*** Extracted information Section Begins ***

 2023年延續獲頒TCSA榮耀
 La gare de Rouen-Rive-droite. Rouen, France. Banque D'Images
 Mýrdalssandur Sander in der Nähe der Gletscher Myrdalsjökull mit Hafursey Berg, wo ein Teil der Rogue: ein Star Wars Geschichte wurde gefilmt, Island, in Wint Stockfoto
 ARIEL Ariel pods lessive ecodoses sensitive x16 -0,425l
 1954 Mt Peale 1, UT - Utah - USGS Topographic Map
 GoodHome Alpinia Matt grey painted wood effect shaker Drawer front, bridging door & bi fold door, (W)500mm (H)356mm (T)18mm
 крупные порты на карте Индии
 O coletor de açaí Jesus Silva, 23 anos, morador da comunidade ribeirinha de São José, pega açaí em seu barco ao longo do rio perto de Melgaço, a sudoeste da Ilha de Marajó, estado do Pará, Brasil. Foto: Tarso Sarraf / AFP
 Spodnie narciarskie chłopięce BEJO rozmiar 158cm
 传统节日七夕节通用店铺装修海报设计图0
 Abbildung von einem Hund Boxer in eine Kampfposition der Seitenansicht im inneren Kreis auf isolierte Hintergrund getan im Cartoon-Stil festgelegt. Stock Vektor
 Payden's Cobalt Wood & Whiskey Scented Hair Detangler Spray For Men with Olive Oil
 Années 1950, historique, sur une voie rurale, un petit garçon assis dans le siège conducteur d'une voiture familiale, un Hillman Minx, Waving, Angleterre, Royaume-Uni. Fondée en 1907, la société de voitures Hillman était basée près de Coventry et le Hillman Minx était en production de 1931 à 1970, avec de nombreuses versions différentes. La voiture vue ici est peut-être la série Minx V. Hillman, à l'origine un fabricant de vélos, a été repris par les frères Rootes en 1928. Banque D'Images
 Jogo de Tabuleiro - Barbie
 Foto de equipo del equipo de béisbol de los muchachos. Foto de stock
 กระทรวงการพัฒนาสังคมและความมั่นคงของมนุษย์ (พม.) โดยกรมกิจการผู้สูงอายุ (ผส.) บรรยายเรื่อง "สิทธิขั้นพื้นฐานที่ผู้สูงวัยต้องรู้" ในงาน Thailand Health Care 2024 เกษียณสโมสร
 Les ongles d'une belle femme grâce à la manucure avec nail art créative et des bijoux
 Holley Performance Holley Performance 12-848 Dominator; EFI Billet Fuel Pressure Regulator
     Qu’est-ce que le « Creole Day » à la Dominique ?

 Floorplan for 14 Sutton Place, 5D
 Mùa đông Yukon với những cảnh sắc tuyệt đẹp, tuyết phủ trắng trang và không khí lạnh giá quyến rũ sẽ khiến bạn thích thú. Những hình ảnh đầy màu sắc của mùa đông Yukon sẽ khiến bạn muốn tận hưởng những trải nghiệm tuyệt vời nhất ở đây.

*** Extracted information Section Ends ***

■ **Work item**
Write all the entries out again exactly as they are.

■ **Exercise answer**
 2023年延續獲頒TCSA榮耀
 La gare de Rouen-Rive-droite. Rouen, France. Banque D'Images
 Mýrdalssandur Sander in der Nähe der Gletscher Myrdalsjökull mit Hafursey Berg, wo ein Teil der Rogue: ein Star Wars Geschichte wurde gefilmt, Island, in Wint Stockfoto
 ARIEL Ariel pods lessive ecodoses sensitive x16 -0,425l
 1954 Mt Peale 1, UT - Utah - USGS Topographic Map
 GoodHome Alpinia Matt grey painted wood effect shaker Drawer front, bridging door & bi fold door, (W)500mm (H)356mm (T)18mm
 крупные порты на карте Индии
 O coletor de açaí Jesus Silva, 23 anos, morador da comunidade ribeirinha de São José, pega açaí em seu barco ao longo do rio perto de Melgaço, a sudoeste da Ilha de Marajó, estado do Pará, Brasil. Foto: Tarso Sarraf / AFP
 Spodnie narciarskie chłopięce BEJO rozmiar 158cm
 传统节日七夕节通用店铺装修海报设计图0
 Abbildung von einem Hund Boxer in eine Kampfposition der Seitenansicht im inneren Kreis auf isolierte Hintergrund getan im Cartoon-Stil festgelegt. Stock Vektor
 Payden's Cobalt Wood & Whiskey Scented Hair Detangler Spray For Men with Olive Oil
 Années 1950, historique, sur une voie rurale, un petit garçon assis dans le siège conducteur d'une voiture familiale, un Hillman Minx, Waving, Angleterre, Royaume-Uni. Fondée en 1907, la société de voitures Hillman était basée près de Coventry et le Hillman Minx était en production de 1931 à 1970, avec de nombreuses versions différentes. La voiture vue ici est peut-être la série Minx V. Hillman, à l'origine un fabricant de vélos, a été repris par les frères Rootes en 1928. Banque D'Images
 Jogo de Tabuleiro - Barbie
 Foto de equipo del equipo de béisbol de los muchachos. Foto de stock
 กระทรวงการพัฒนาสังคมและความมั่นคงของมนุษย์ (พม.) โดยกรมกิจการผู้สูงอายุ (ผส.) บรรยายเรื่อง "สิทธิขั้นพื้นฐานที่ผู้สูงวัยต้องรู้" ในงาน Thailand Health Care 2024 เกษียณสโมสร
 Les ongles d'une belle femme grâce à la manucure avec nail art créative et des bijoux
 Holley Performance Holley Performance 12-848 Dominator; EFI Billet Fuel Pressure Regulator
     Qu’est-ce que le « Creole Day » à la Dominique ?

 Floorplan for 14 Sutton Place, 5D
 Mùa đông Yukon với những cảnh sắc tuyệt đẹp, tuyết phủ trắng trang và không khí lạnh giá quyến rũ sẽ khiến bạn thích thú. Những hình ảnh đầy màu sắc của mùa đông Yukon sẽ khiến bạn muốn tận hưởng những trải nghiệm tuyệt vời nhất ở đây.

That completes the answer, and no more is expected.